In Recipe 3.3 below on preventing buffer overflows, and in all of the recipes in the book's "Input Validation" chapter, we assume that people are connected to our software, and that some of them may send malicious data (even if we think there is a trusted client on the other end). One thing we really care about is this: "What does our application do with that data? In particular, does the program take data that should be untrusted and do something potentially security-critical with it? More importantly, can any untrusted data be used to manipulate the application or the underlying system in a way that has security implications?"

Recipe 3.3: Preventing Buffer Overflows

Problem

C and C++ do not perform array-bounds checking, which turns out to be a security-critical issue, particularly in handling strings. The risks increase even more dramatically when user-controlled data is on the program stack (i.e., is a local variable).

Solution

There are many solutions to this problem, but none that are satisfying in every situation. You may want to rely on operational protections (such as StackGuard from Immunix), use a library for safe string handling, or even use a different programming language.

Discussion

Buffer overflows get a lot of attention in the technical world, partially because they constitute one of the largest classes of security problems in code, but also because they have been around for a long time, are easy to get rid of, and yet still are a huge problem.

Buffer overflows are generally very easy for a C or C++ programmer to understand. An experienced programmer has invariably written off the end of an array, or indexed into the wrong memory because he improperly checked the value of the index variable.

Because we assume that you are a C or C++ programmer, we won't insult your intelligence by explaining buffer overflows to you. If you do not already understand the concept, you can consult many other software security books, including Building Secure Software. In this recipe, we won't even focus so much on why buffer overflows are such a big deal. Other resources can help you understand that if you're insatiably curious. Instead, we'll focus on state of the art strategies for mitigating these problems.

Most languages do not have this problem at all, because they ensure that writes to memory are always in bounds. Sometimes, this can be done at compile time, but generally it is done dynamically, right before data gets written. The C and C++ philosophy is different -- you are given the ability to eke out more speed, even if it means that you risk shooting yourself in the foot.
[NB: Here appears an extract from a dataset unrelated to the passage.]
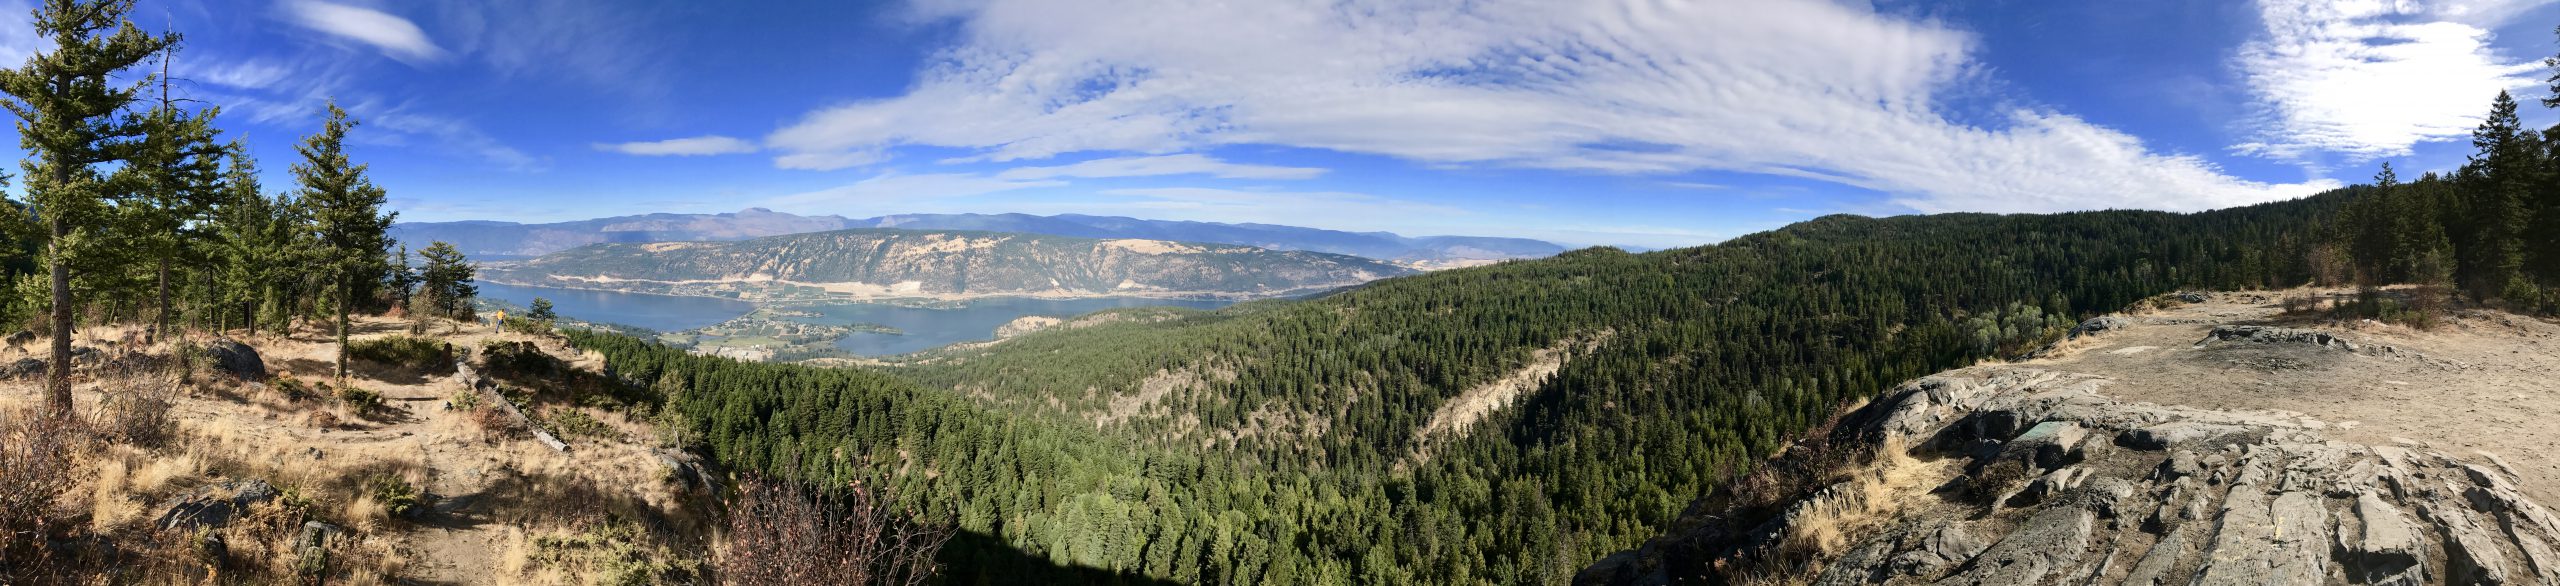 Panorama of Okanagan valley

String Handling in C and C++

Unfortunately, in C and C++, it is not only possible to overflow buffers -- it is easy, particularly when dealing with strings. The problem is that C strings are not high-level data types; they are arrays of characters. The major consequence of this nonabstraction is that the language does not manage the length of strings; you have to do it yourself. The only time C ever cares about the length of a string is in the standard library, and the length is not related to the allocated size at all -- instead, it is delimited by a 0-valued (NULL) byte. Needless to say, this can be extremely error-prone.

One of the simplest examples is the ANSI C standard library function, gets():

char *gets(char *str);

This function reads data from the standard input device into the memory pointed to by str until there is a newline or until the end of file is reached. It then returns a pointer to the buffer. In addition, the function NULL-terminates the buffer.

The problem with this function is that no matter how big the buffer is, an attacker can always stick more data into the buffer than it is designed to hold, simply by avoiding the newline.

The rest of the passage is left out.